Start of Data supplied

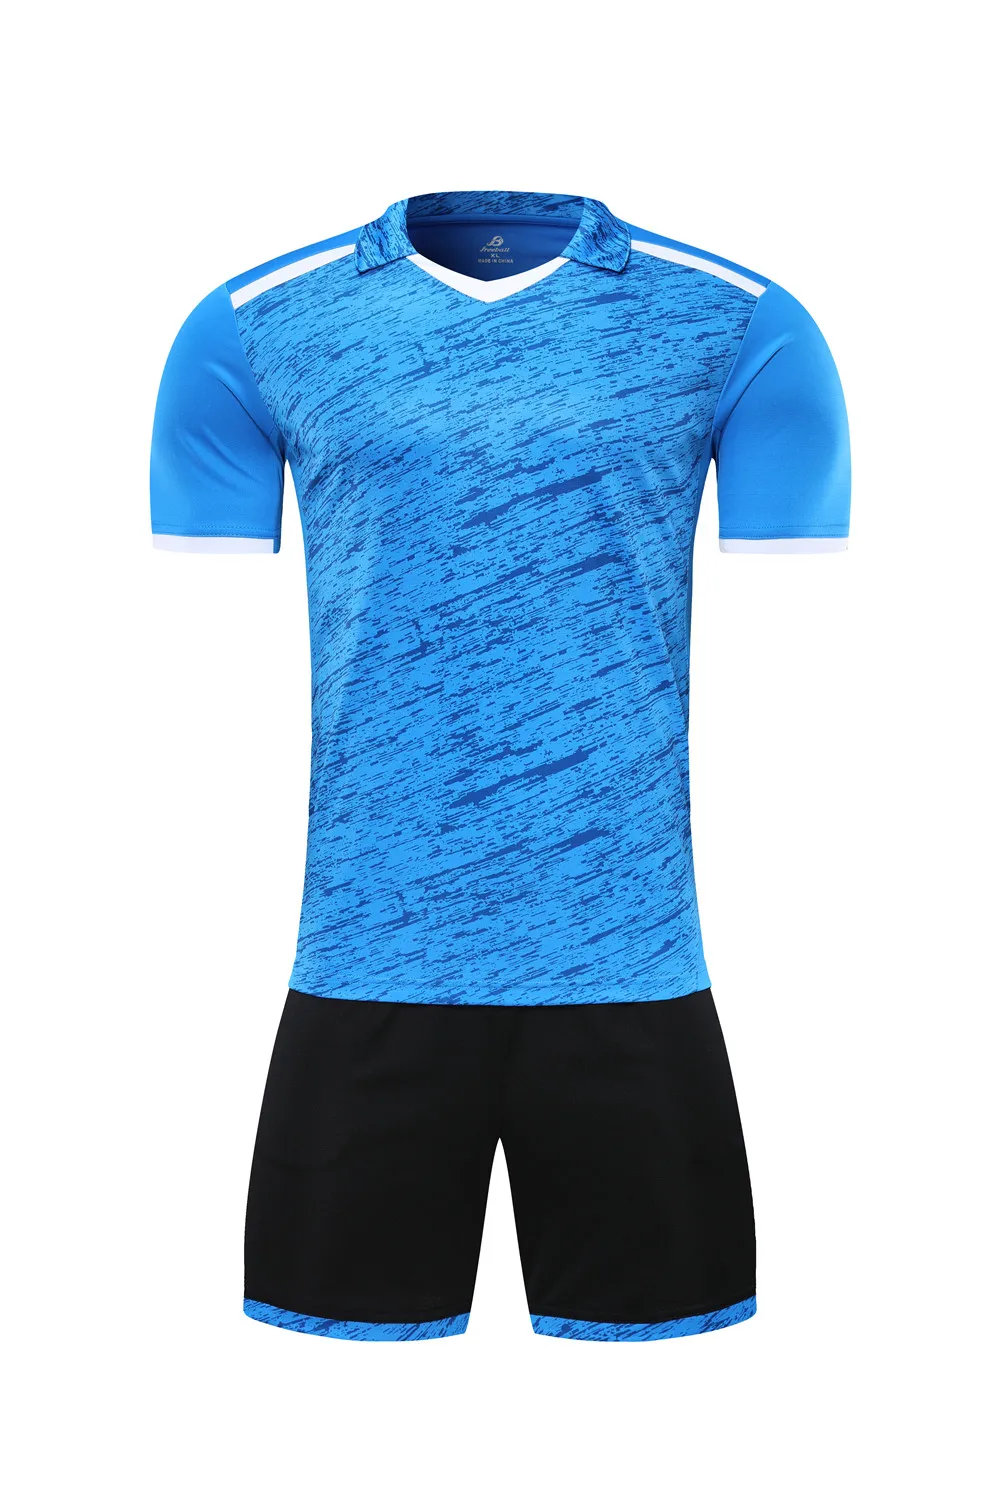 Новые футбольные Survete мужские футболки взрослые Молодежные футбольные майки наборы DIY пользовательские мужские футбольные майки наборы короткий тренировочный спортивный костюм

End of Data supplied
Start of Data supplied

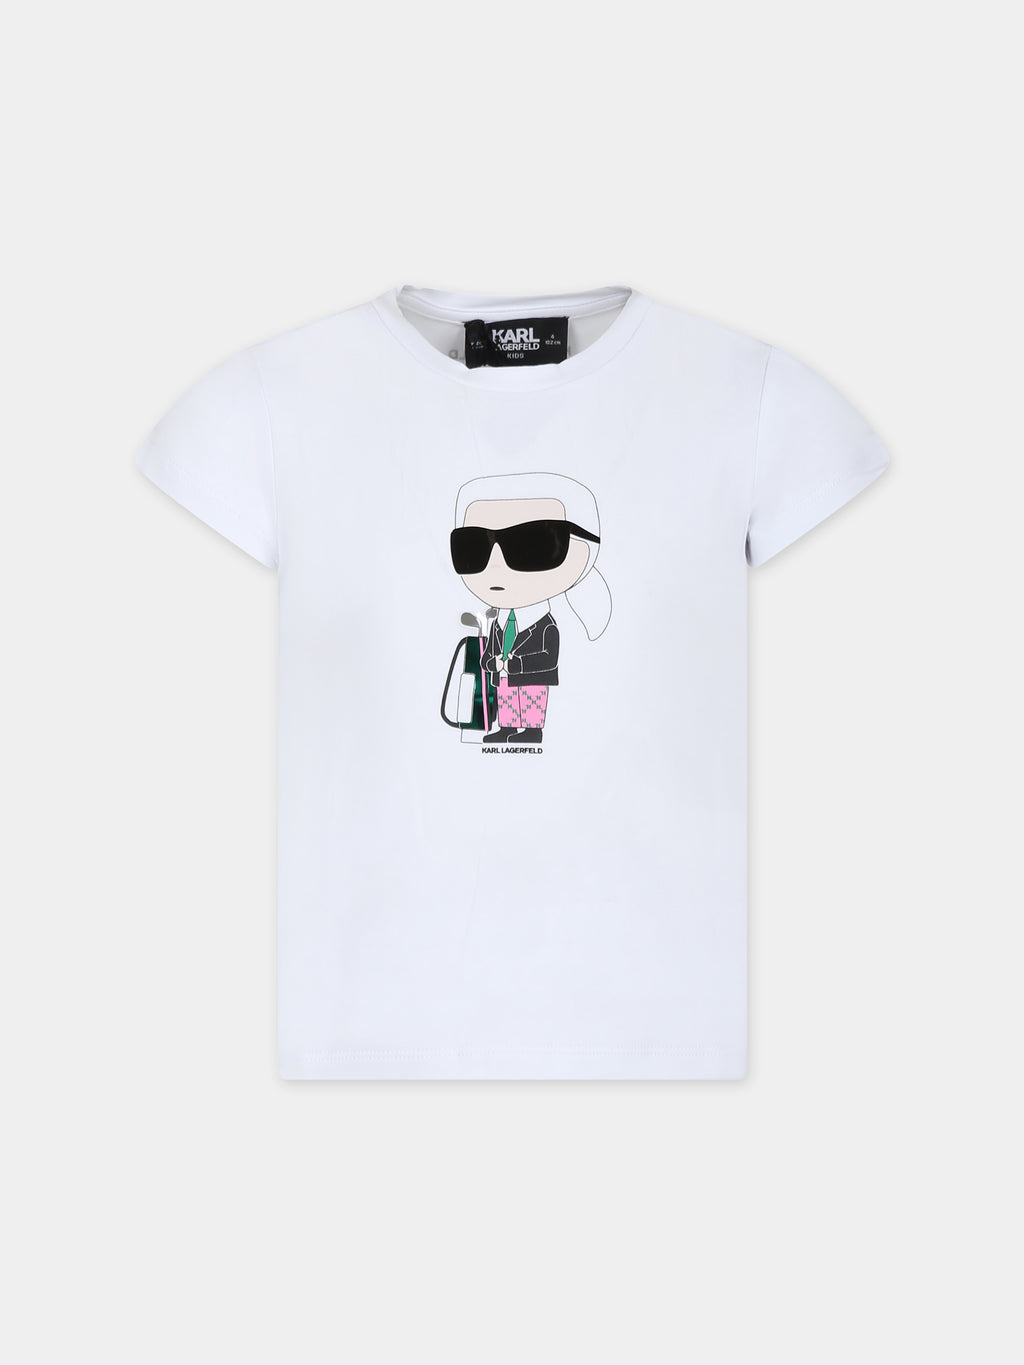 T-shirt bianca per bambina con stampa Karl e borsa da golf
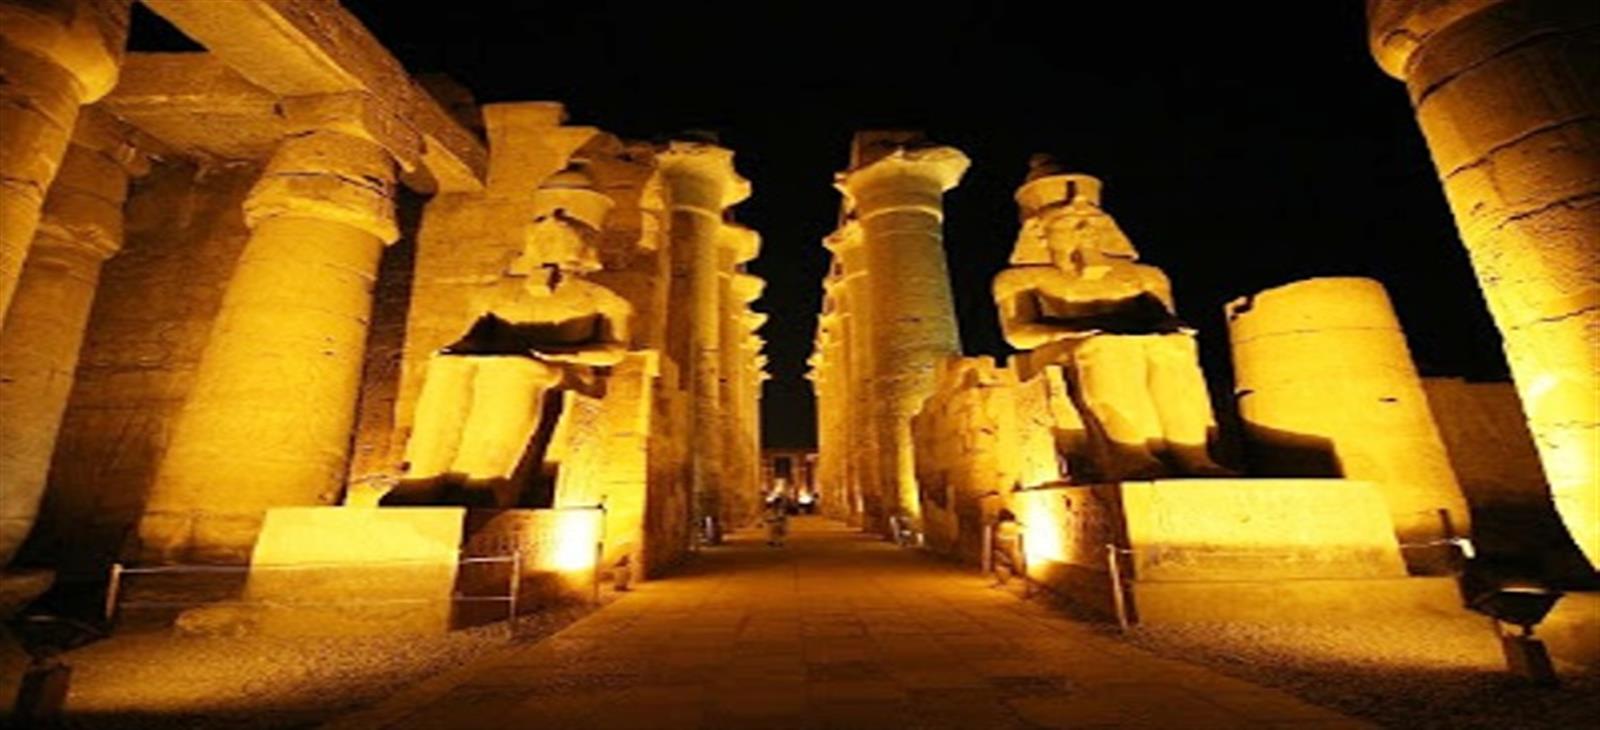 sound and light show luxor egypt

End of Data supplied
Start of Data supplied

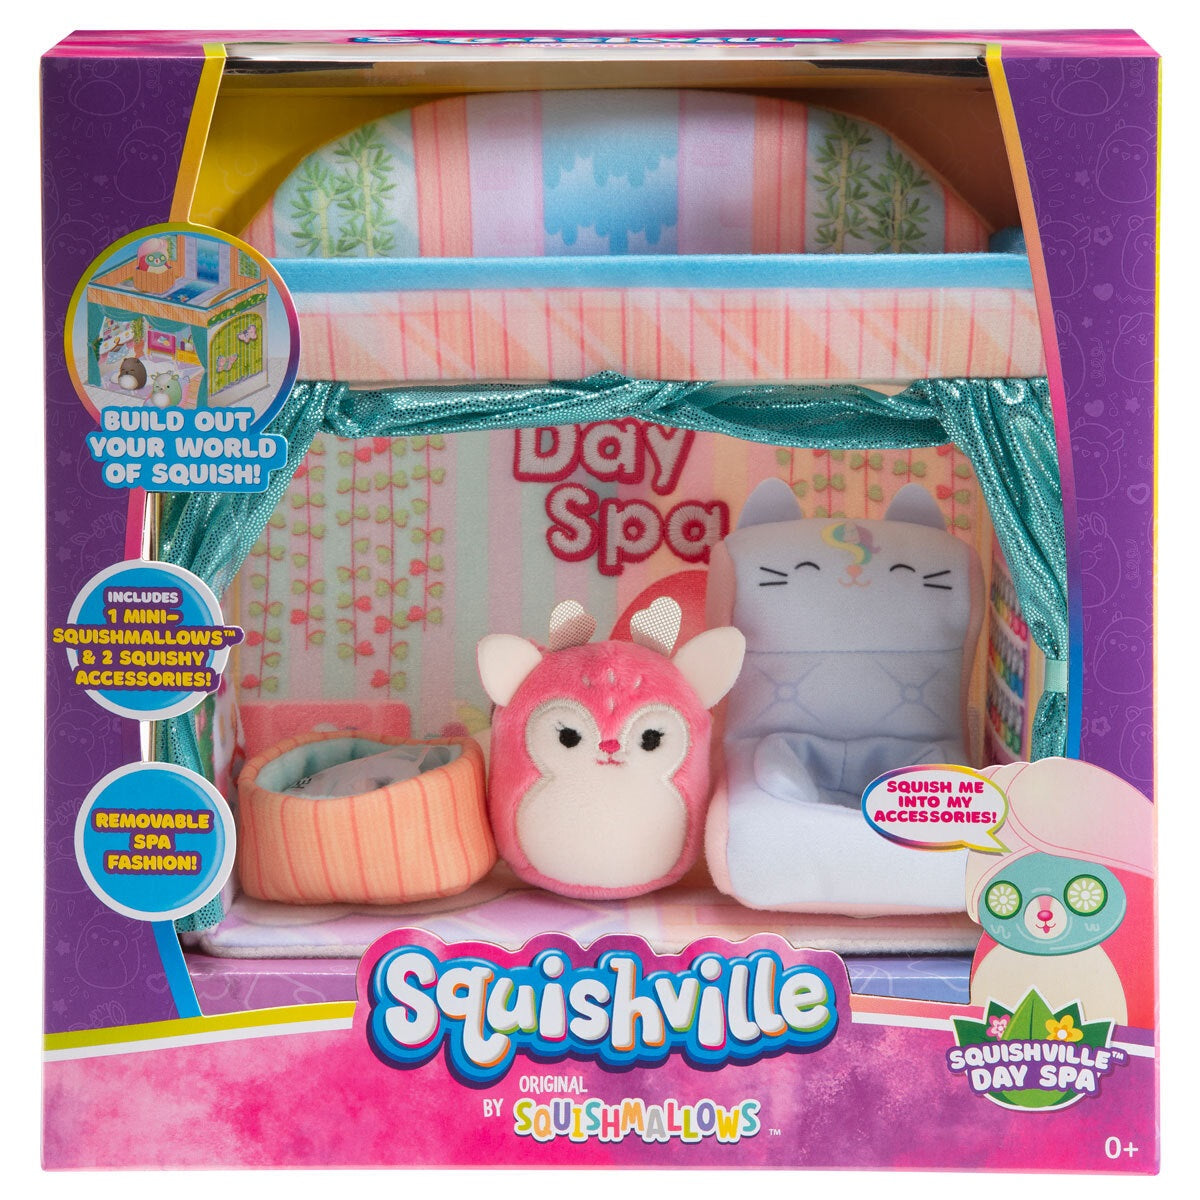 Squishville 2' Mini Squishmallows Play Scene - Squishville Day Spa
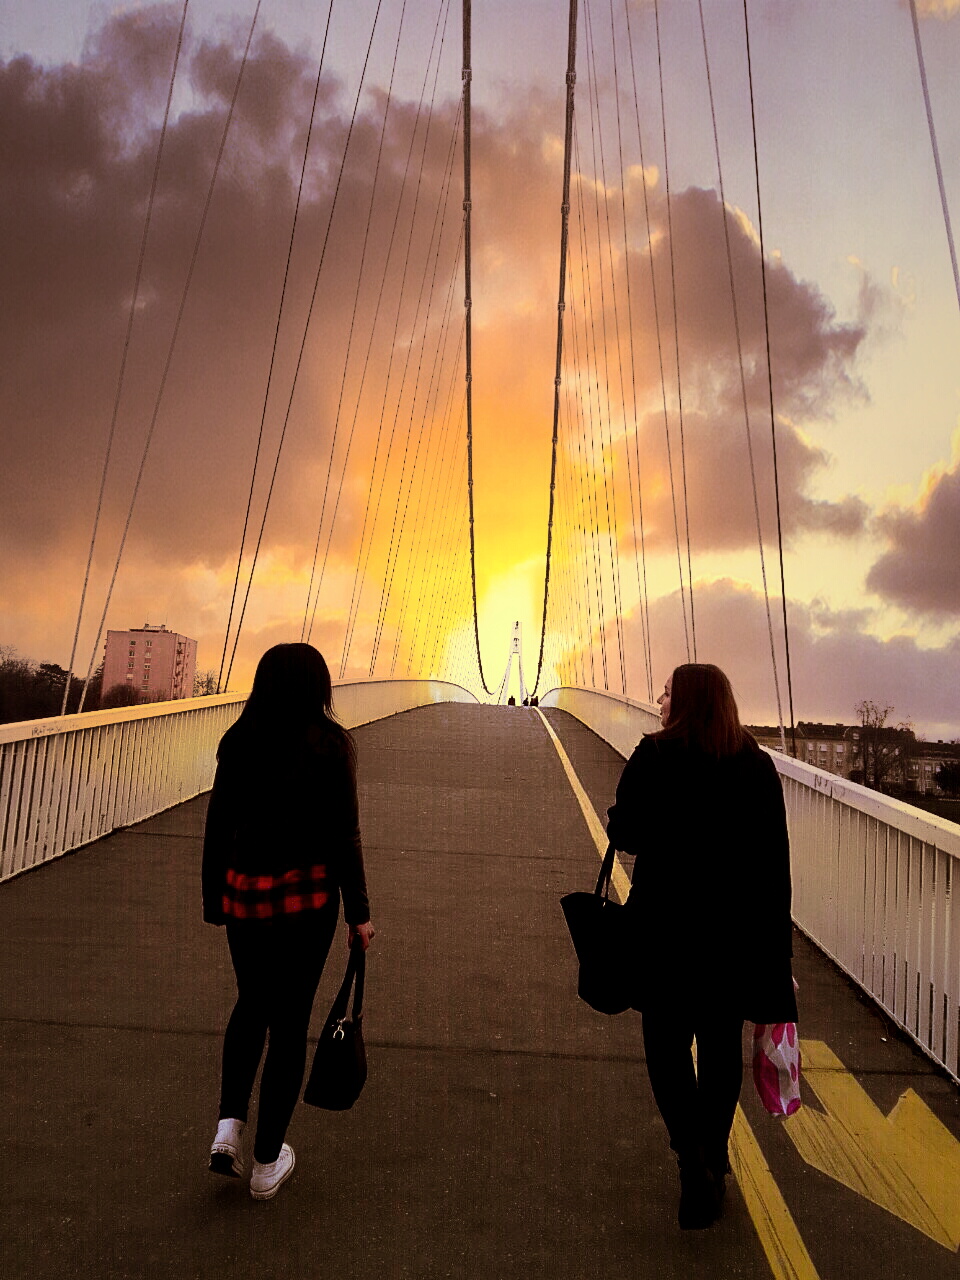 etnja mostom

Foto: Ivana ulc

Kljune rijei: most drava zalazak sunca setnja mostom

End of Data supplied

Problem to work on
Go to the line above that has "T-shirt bianca per" and copy exactly from there down to the line that has "sound and light show luxor egypt", both included. Leave the pictures out.

Problem solution
 T-shirt bianca per bambina con stampa Karl e borsa da golf
 sound and light show luxor egypt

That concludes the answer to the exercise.